Denice Marie Duff (née Burker; born July 1, 1965 in New York City) is an American actress, director, and photographer, who is best known for her roles as Michelle Morgan in Full Moon Features' Subspecies series and as Amanda Browning in the long-running soap opera series The Young and the Restless.

Career
Denice was discovered by manager Jay Bernstein during a Hollywood Talent Search contest. She worked as an office intern in the contest office and the judges convinced her to audition. She was the only actress of 2000 who auditioned that was picked by Mr. Bernstein for representation.
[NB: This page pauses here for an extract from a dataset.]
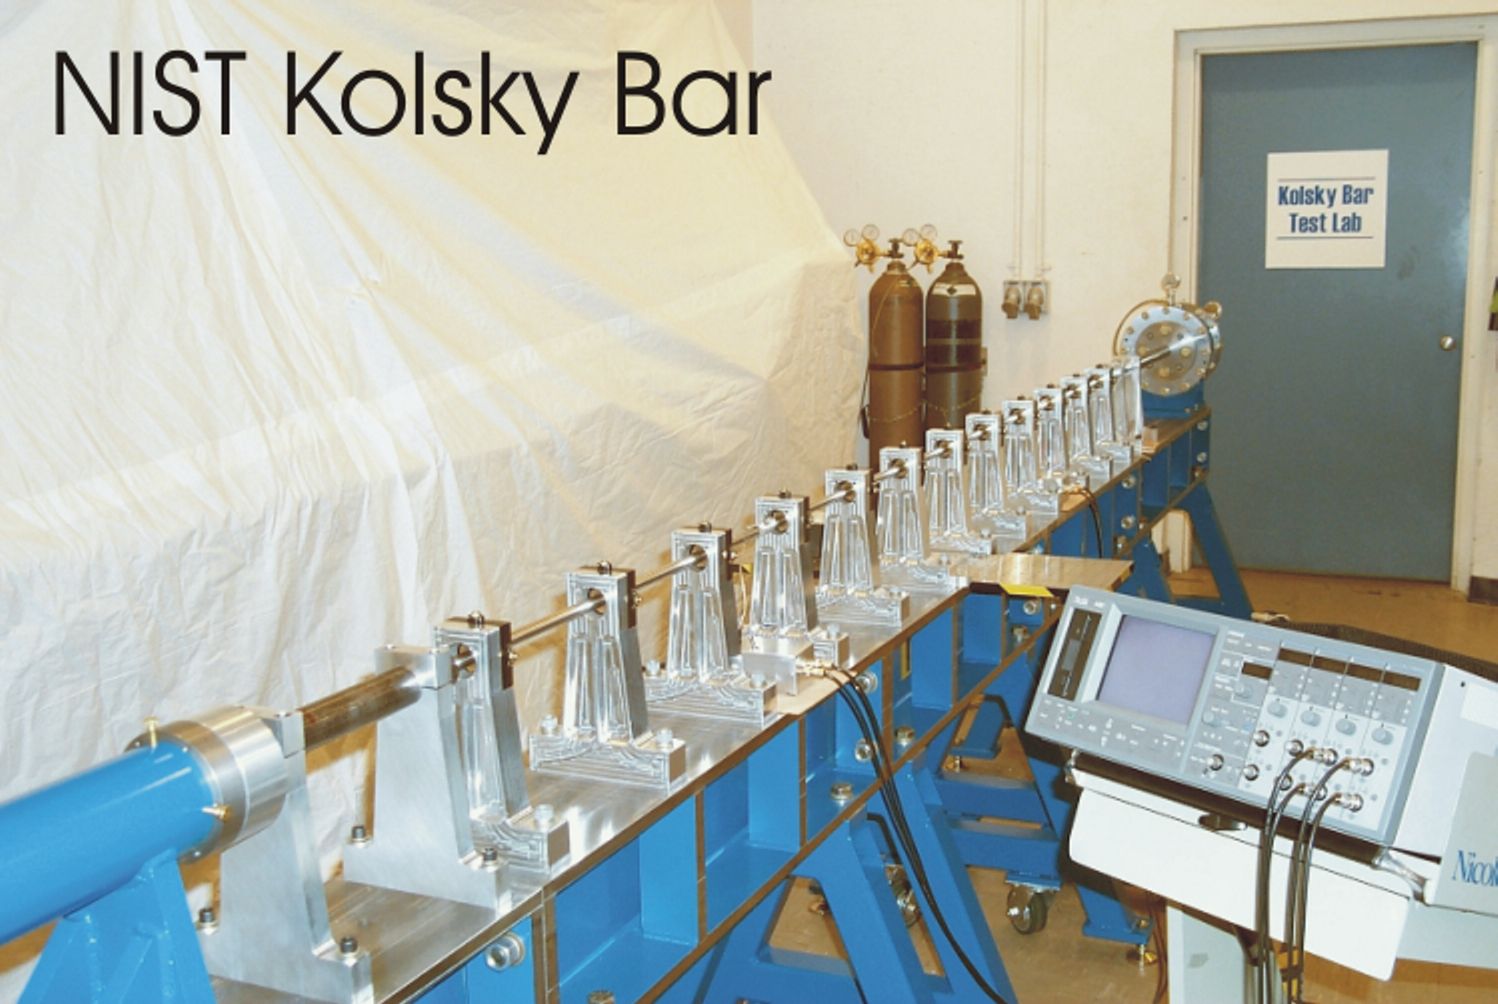 The NIST pulse-heated Kolsky bar

Brought to the William Morris Agency, her first guest-starring role was on Northern Exposure. Other television roles were on Silk Stalkings, Reasonable Doubts, Matlock, Danger Theatre, The Young and The Restless, General Hospital, and Dream On.

Denice's television movies of the week include Double Jeopardy co-starring Bruce Boxleitner and Rachel Ward, and in Robin Cook's Invasion with Rebecca Gayheart and Luke Perry. She also starred in the movie Vampire Resurrection (2001).

Denice has performed on many nationally televised commercials such as the Fruit of the Loom campaign where she was the girl bopping about her bedroom trying to figure out what to wear and then finally flopping on a chair in nothing but her Fruit of the Loom underwear.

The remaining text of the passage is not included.